После окончания МГИМО я пять лет трудился в московском офисе Allen & Overy. Я стажировался в Лондоне и Франкфурте. Это позволило шире взглянуть на мир, увидеть, как работают коллеги за рубежом. В Лондоне я работал в одной группе с Дэвидом Морли, тогда главой глобальной банковской практики фирмы, позже он возглавил Allen & Overy. Именно там я убедился в эффективности горизонтальной системы управления в коллективе. В Лондоне партнеры не относились к остальным юристам как к подчиненным. Работая над сделкой, мы совместно все обсуждали и распределяли обязанности. Эту же модель стараемся использовать сегодня.

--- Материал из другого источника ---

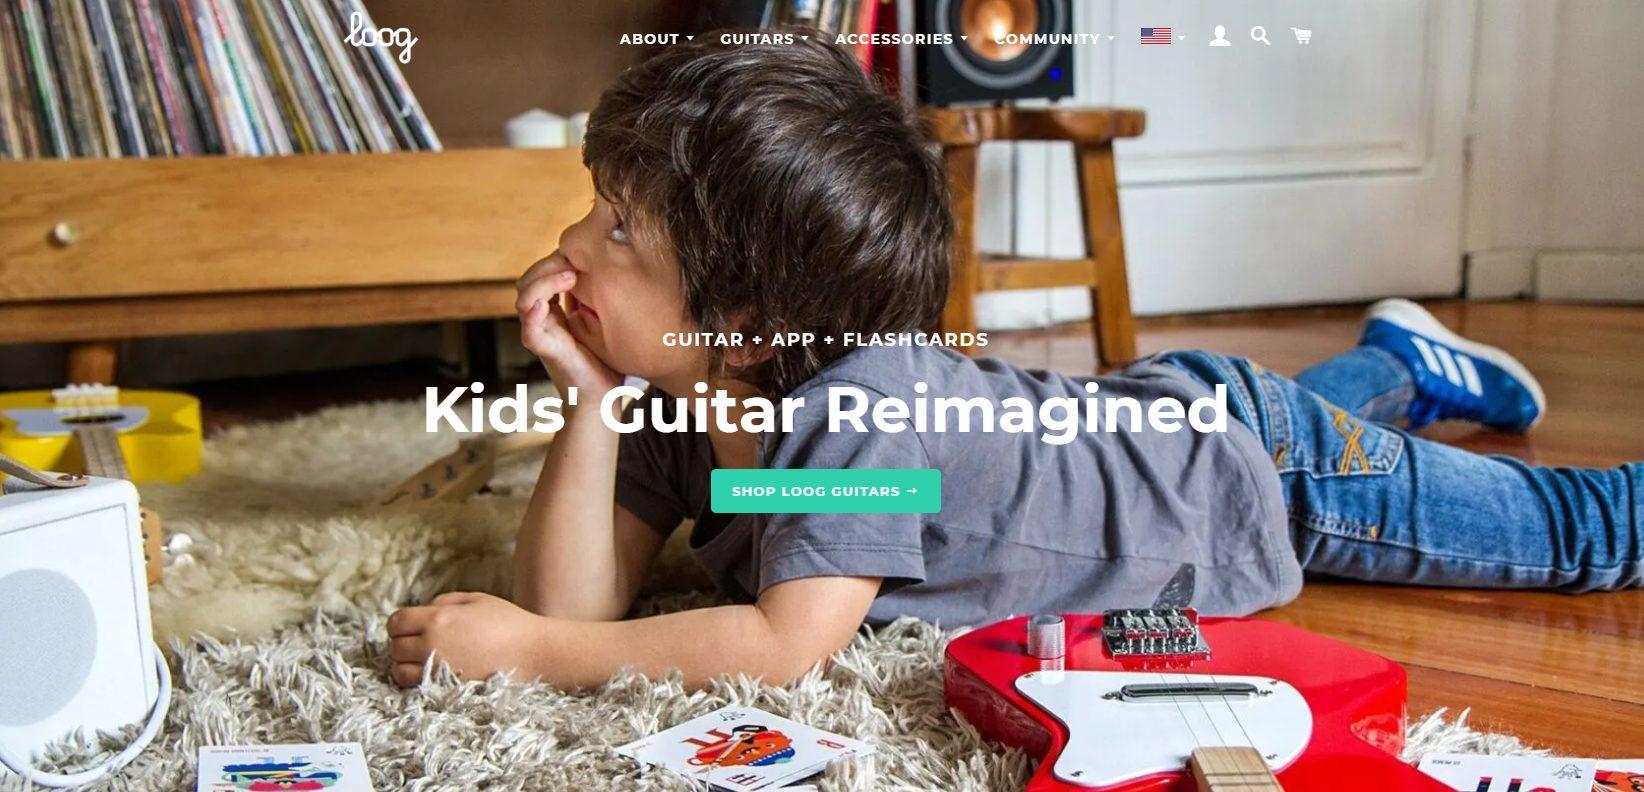 Loog Guitars Home Page

Формально я был приписан к банковской группе, но фактически в то время московские практики иностранных юридических фирм занимались всем. Например, в 1997 г. для Европейского банка реконструкции и развития мы готовили заключение о проекте транспортировки нефти из Азербайджана в Новороссийск. Нам приходилось погружаться в дебри межправительственных соглашений.
В 2002 г. я перешел в американскую юридическую фирму Latham & Watkins и проработал там два года в практике рынков капитала. Я участвовал в подготовке примерно 10 выпусков еврооблигаций, занимался сопровождением сделок IPO.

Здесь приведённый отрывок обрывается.